Yes. The fan continues to do work.

Consider your example of the person who 'hovers' by
dribbling a basektball. His momentum is zero, the
momentum of the Earth is zero and the momentum
of the ball is constantly changing and reverses twice
each dribble. The dribbler is pumping energy into
the Earth yet there is no net exchange of momentum.

I agree. Overall, no net change. Microscopically (at each impact)
there is a momentum change. Inbetween dribbles, the earth and the
dribbler experience momentum changes which each dribble then counteracts.

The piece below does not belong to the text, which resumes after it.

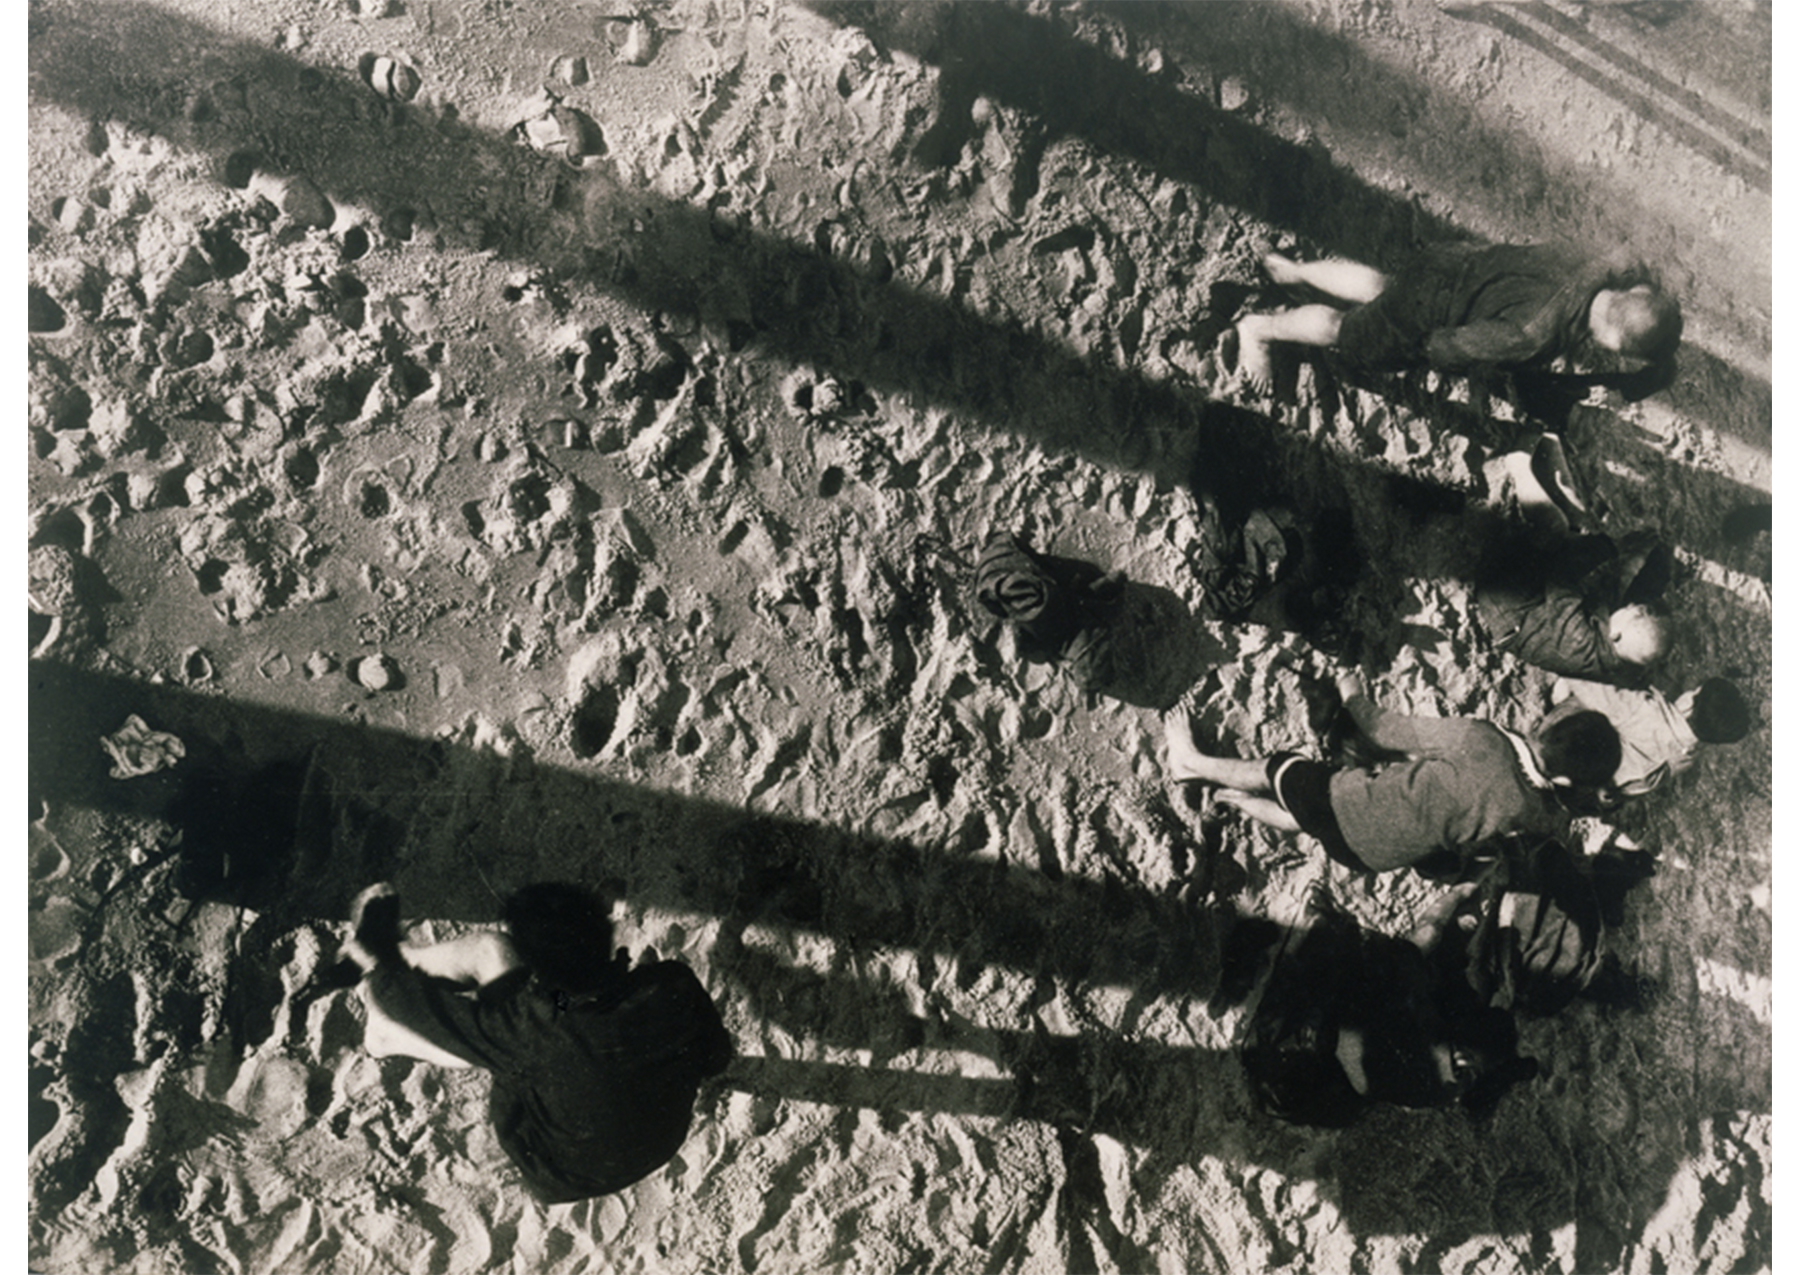 aerial view of children playing in sand, with heavy shadows over the image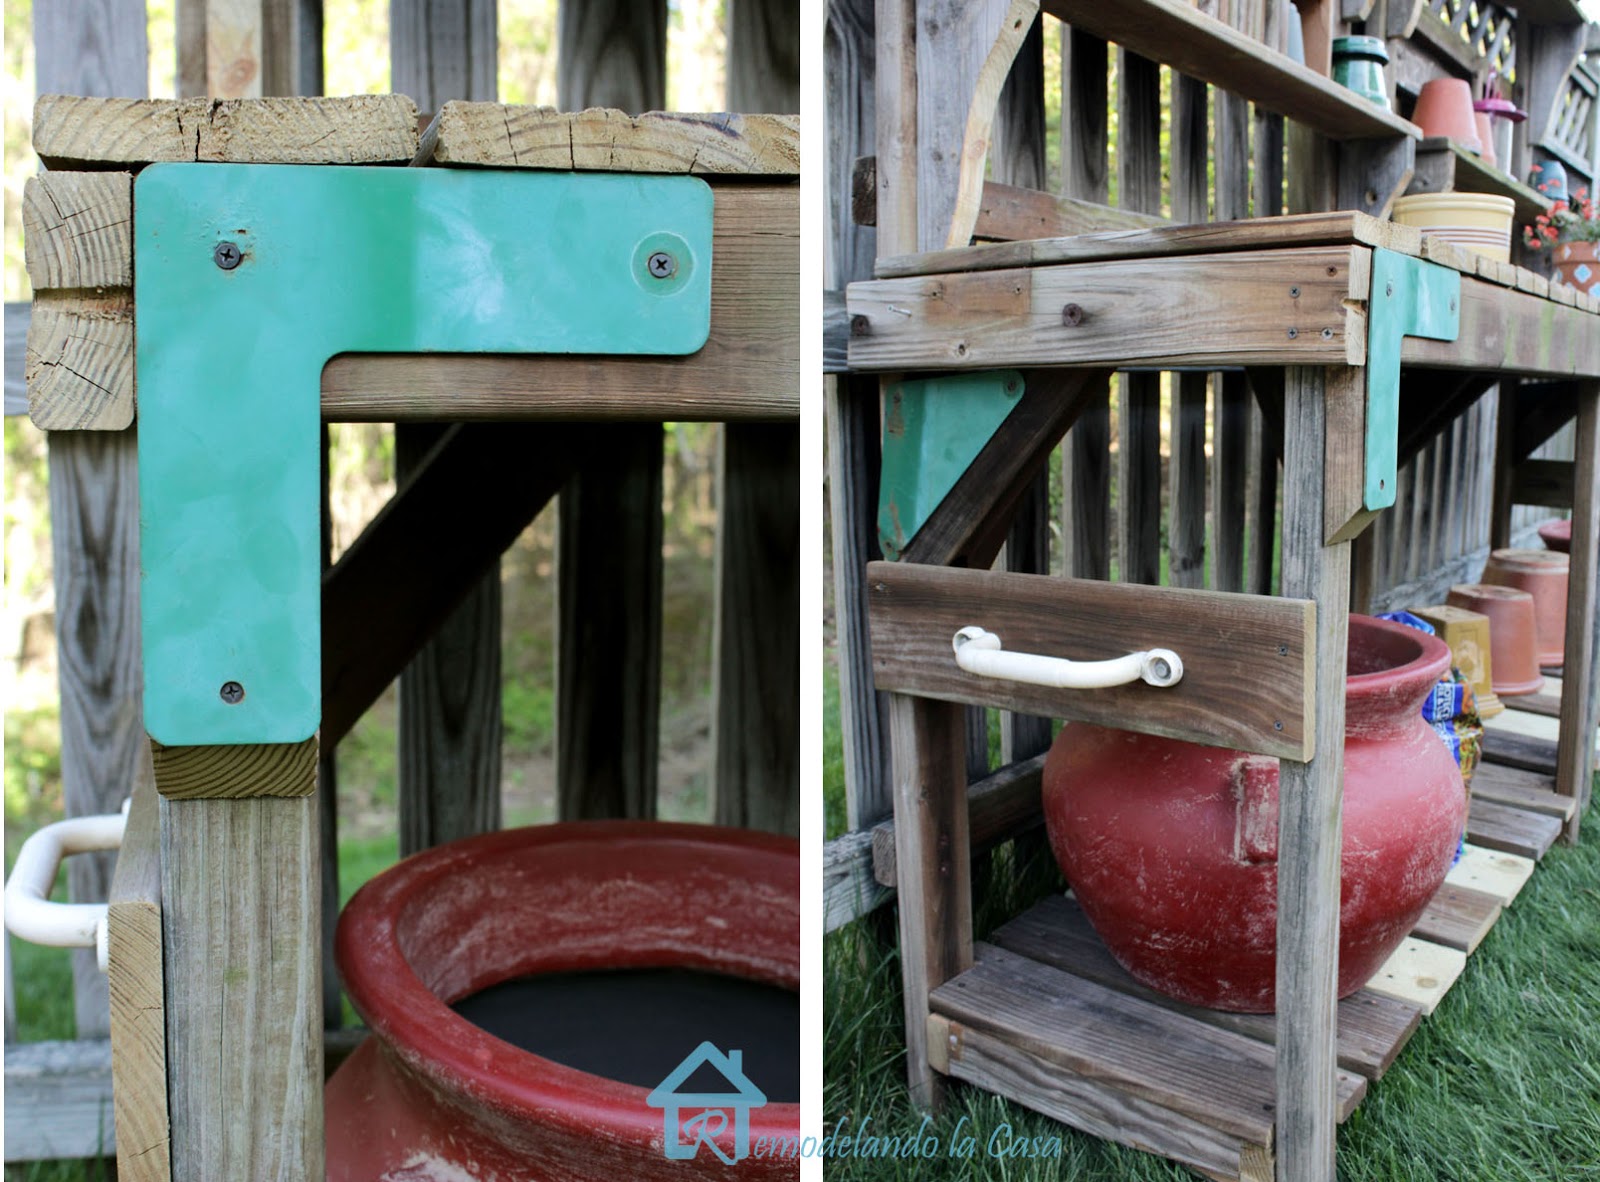 metal parts of a playset used as decor on potting bench

The collison with the dribbler is inelastic. Energy is conserved,
momentum is not. The dribbler changes the momentum of
the basketbal without changing his momentum. That time
rate of change of the basketball results in a force on the dribbler
that is equal in magnitude and opposite in direction to his weight.


Now look at the same situation with a "basketball transparant" earth,
and an endless supply of basketballs being tossed at the dribbler (who
is backed up against a frictionless wall, so for now we don't need to
consider horizontal forces).

But we do presume there is still gravity.


The dribbler keeps on deflecting basketballs downwards, but they don't
bounce back up - they pass through the earth. The dribbler (who
admittedly is no longer really dribbling) is imparting momentum to
basketballs, and once he stops doing that, he will himself experience a
momentum change.

He uses energy to impart momentum to the basketball without
changing his own momentum Energy is conserved, momentum
is not. Work is done. When he stops chucking the basketballs,
gravititational potential energy will be converted to kinetic energy
as he gains momentum by falling. Energy is conserved, momentum
is not. This is in the reference frame of the Earth, of course. In
his reference frame the earth falls toward him and if I am in freefall
next to the dribbler he has no momentum with respect to me.


In both cases, as far as the putative dribbler is concerned, he is
throwing basketballs down. He imparts momentum to basketballs, and
really doesn't care what happens to that momentum afterwards.


Precisely. He does not need the earth beneath him any more than
an airplane wing needs the Earth beneath it.

--

FF

Jose wrote:
How is momentum conserved when a cue ball hits a nerf ball?

The vector sum, before and after, is identical. The vectors themselves
are different (kinetic energy is converted to heat and such) but looking
at both balls, or even looking at a cue ball and a glue ball, the center
of gravity moves with the same velocity before and after.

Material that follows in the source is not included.